INTERVIEW WITH BEN GROSSI

Q. Have you always had an interest in making art? Have you always been interested in making digital/video art?

A. Since I was a young kid have have been invested in making. I have always loved using my hands to build and craft things, finding a satisfaction in the labor. My first experience with art was illustration, drawing my friends as cartoon characters… things like that. Eventually my interest evolved into a passion for drawing, and eventually simple woodworking. At roughly the same time, I was introduced to shooting and editing video through skateboarding. My friends and I would make skate videos and upload them on YouTube, a practice which introduced me to social media and probably sowed seeds for the concepts that I now explore in my work. I wasn’t very invested in making video work in the studio until partway through undergraduate, when I realized that I was under utilizing a skill set that I already had.

Q. Can you tell us about what your process is like? Do you work using an archive of images, videos, and sounds, etc.?

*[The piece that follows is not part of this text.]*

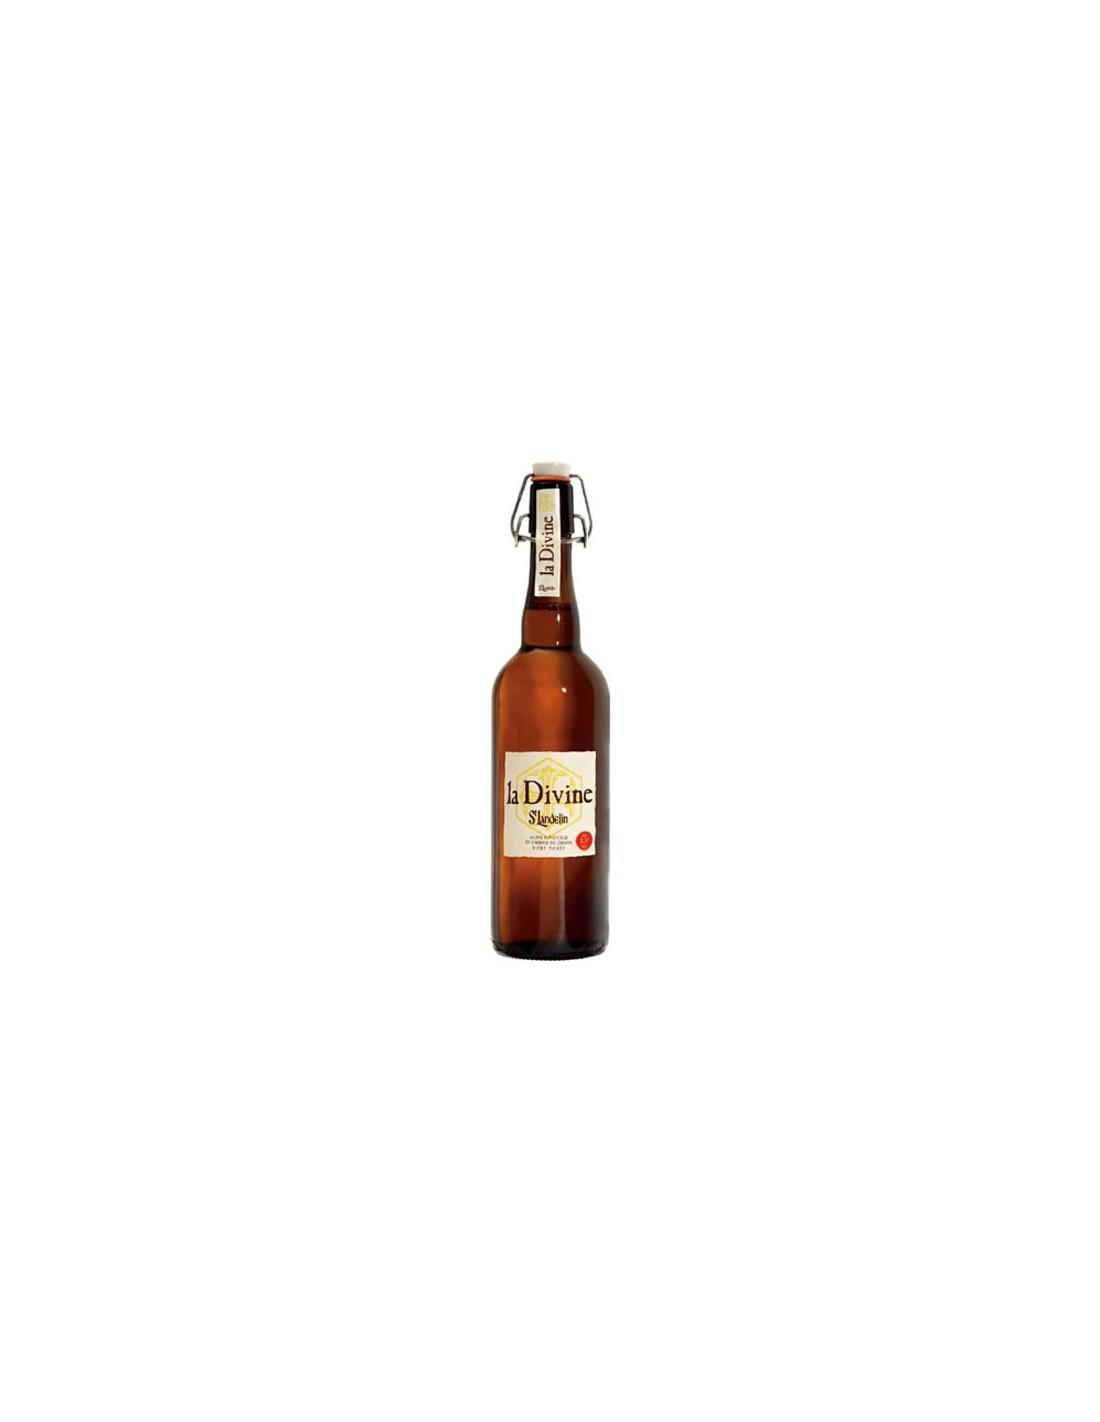 Bere amber La Divine St. Landelin, 8.5% alc., 0.33L, Belgia

A. When making video work, I usually begin by amassing a large quantity of raw material— video and audio clips and images— in loose relation to my subject, often using online video converters to download appropriated content from YouTube and other streaming sites as well as taking screen captures while using various applications (Google Earth, most recognizably). A lot of play takes place in the initial editing process. Images are mixed and matched; visual information is erased, conflated or isolated in either calculated or entirely arbitrary ways. Most frames of the final work will have passed through several editing programs, a process which allows me to spend time with each clip and assess its parts. This allowance for play and experimentation (namely the quicksand-dirty smashing together of loaded imagery rather than working from an outline or storyboard) permits rich new meaning to arise. While stitching together the work, I will fill in the gaps with additional content, reaching outside of the original collection of source material to build bridges, or to finish punchlines. It’s a dynamic and engaging, albeit sometimes unpredictable, way to work.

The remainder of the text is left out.